Фараго остался один. Погрузившись в раздумье, он постукивал по столу карандашом. Его мучило ощущение тревоги. События последних дней в какой-то мере расстроили ею планы. Очень жаль было Моргуна. И не потому, что он питал особые симпатии к этому взломщику, просто на него возлагались кое-какие надежды. Фараго не верил в успех восстания. Ему не вскружило голову даже то, что на короткое время власть оказалась у них в руках. «Социалистический лагерь никогда не отдаст Венгрию, — думал он. — Чтобы прийти к такому заключению, не нужно быть большим политиком.
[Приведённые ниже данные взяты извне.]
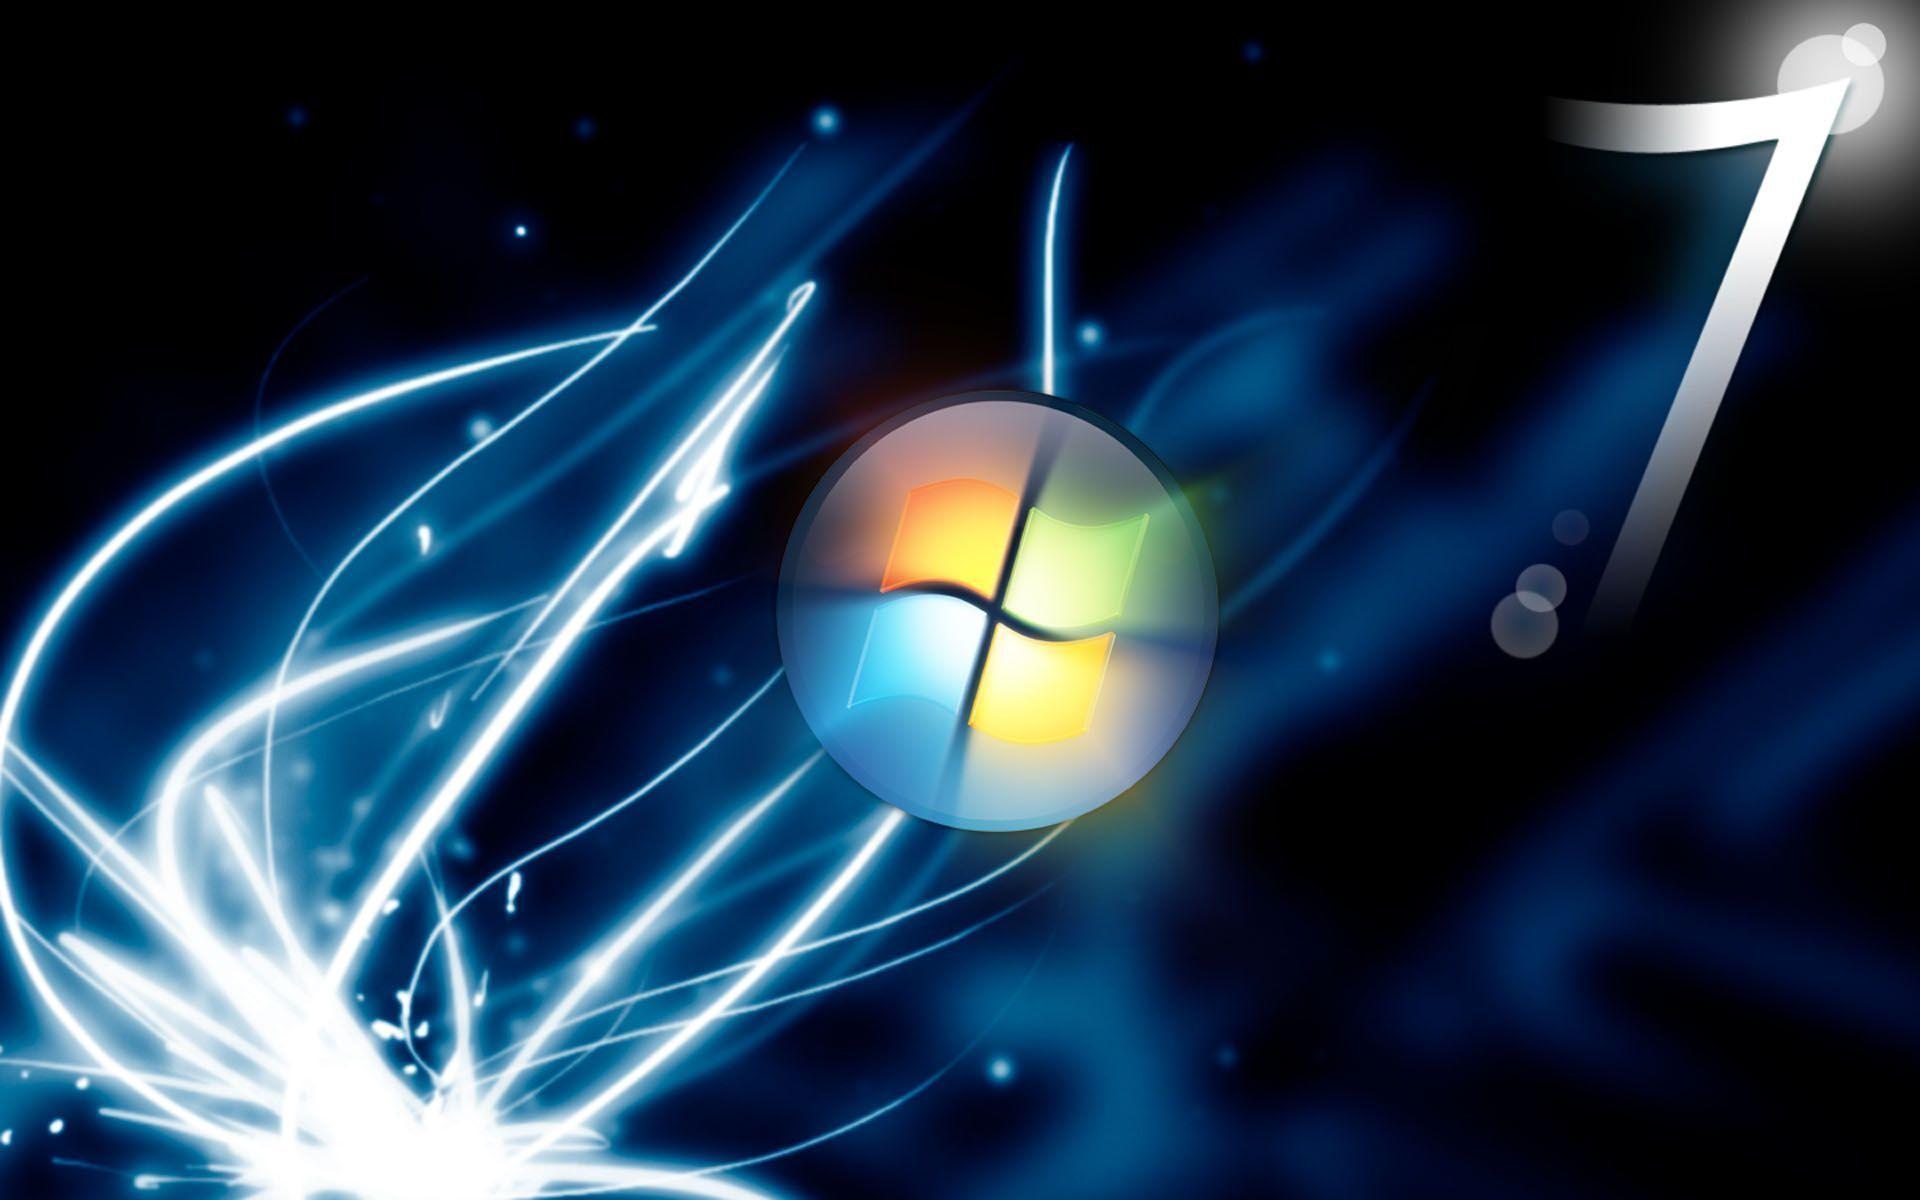 Windows 7 Ultimate Wallpaper Hd Laptop Nature Widescreen Ultimate 1920x1200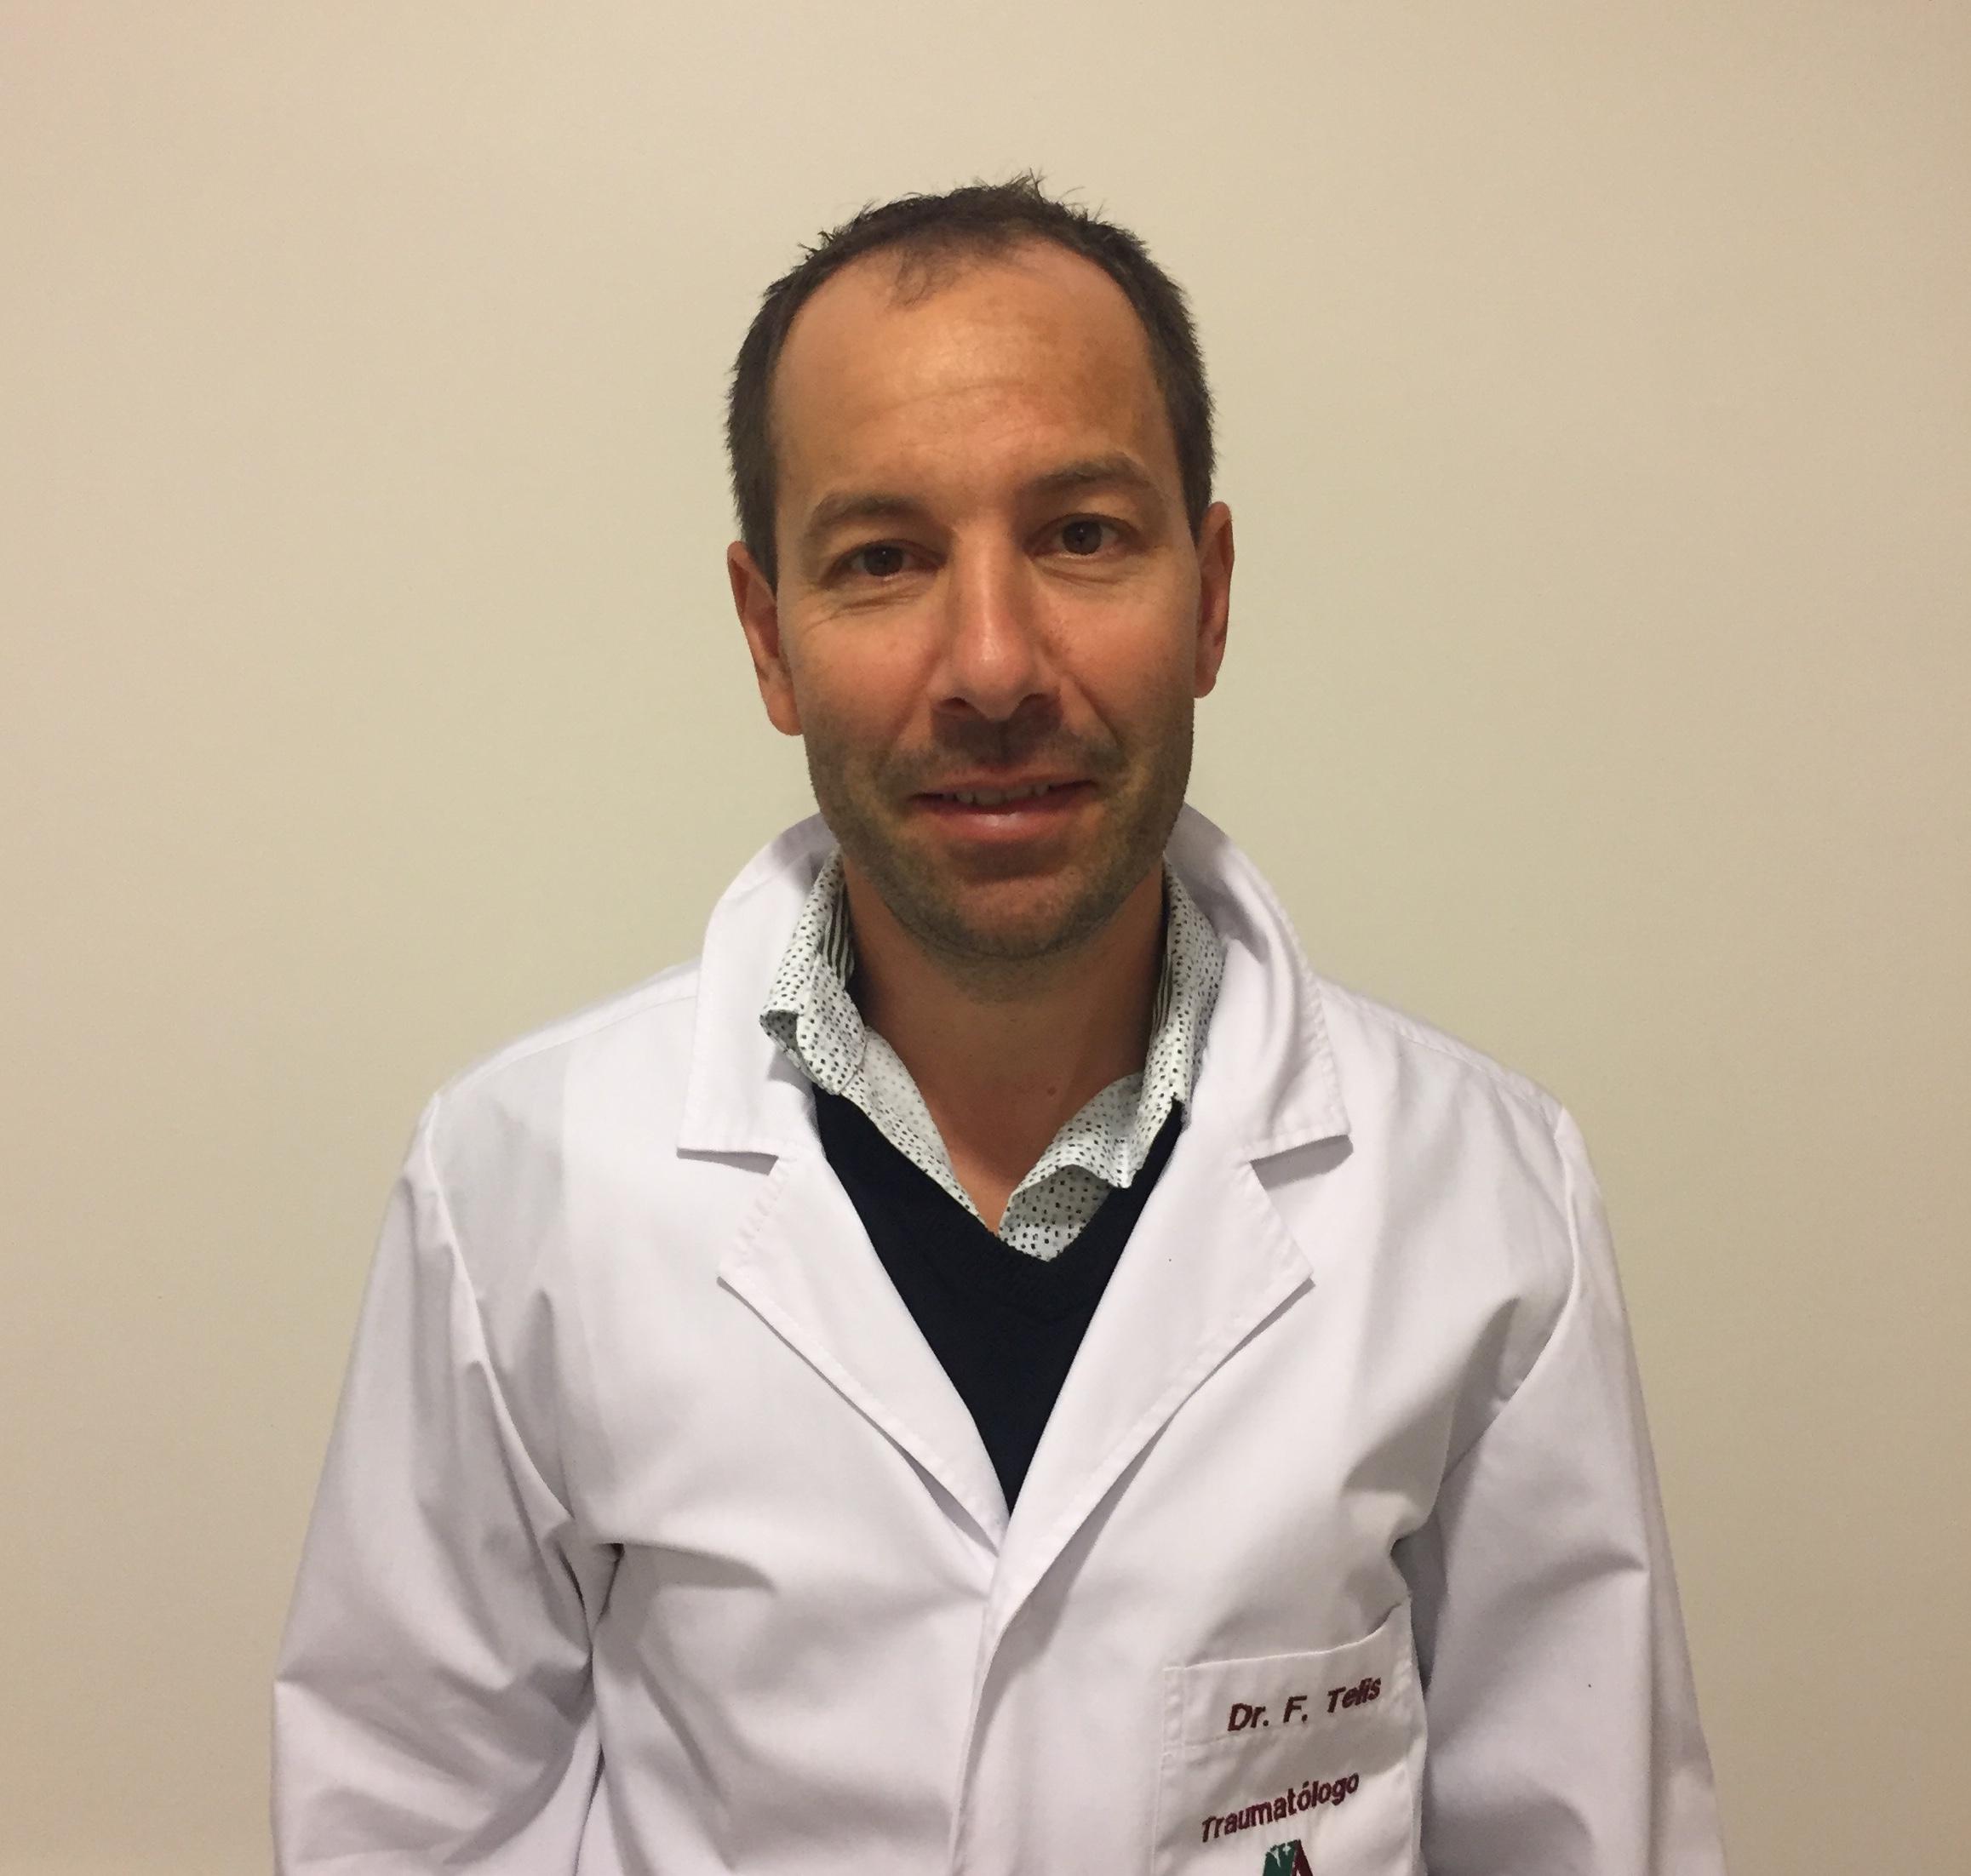 Dr. Telis Flavio

Восстание может победить только в том случае, если Запад развяжет войну. А пойдут ли они на это? Значит, возможны оба исхода и нужно быть готовым и к победе и к поражению. Но чем бы дело ни кончилось, для меня это пока одинаково плохо. Лучше всего было бы бежать на Запад. Куда угодно, хоть в Южную Америку. Вот тут-то и понадобился бы Моргун. Он обеспечил бы «базу», необходимую для начала новой жизни. Впрочем, если бы даже эта материальная «база» была у меня» все равно сейчас уезжать нельзя. Могут спросить: «Почему ты уезжаешь в дни завоевания свободы?» Что я отвечу на это? А здесь оставаться опасно — можно поплатиться жизнью».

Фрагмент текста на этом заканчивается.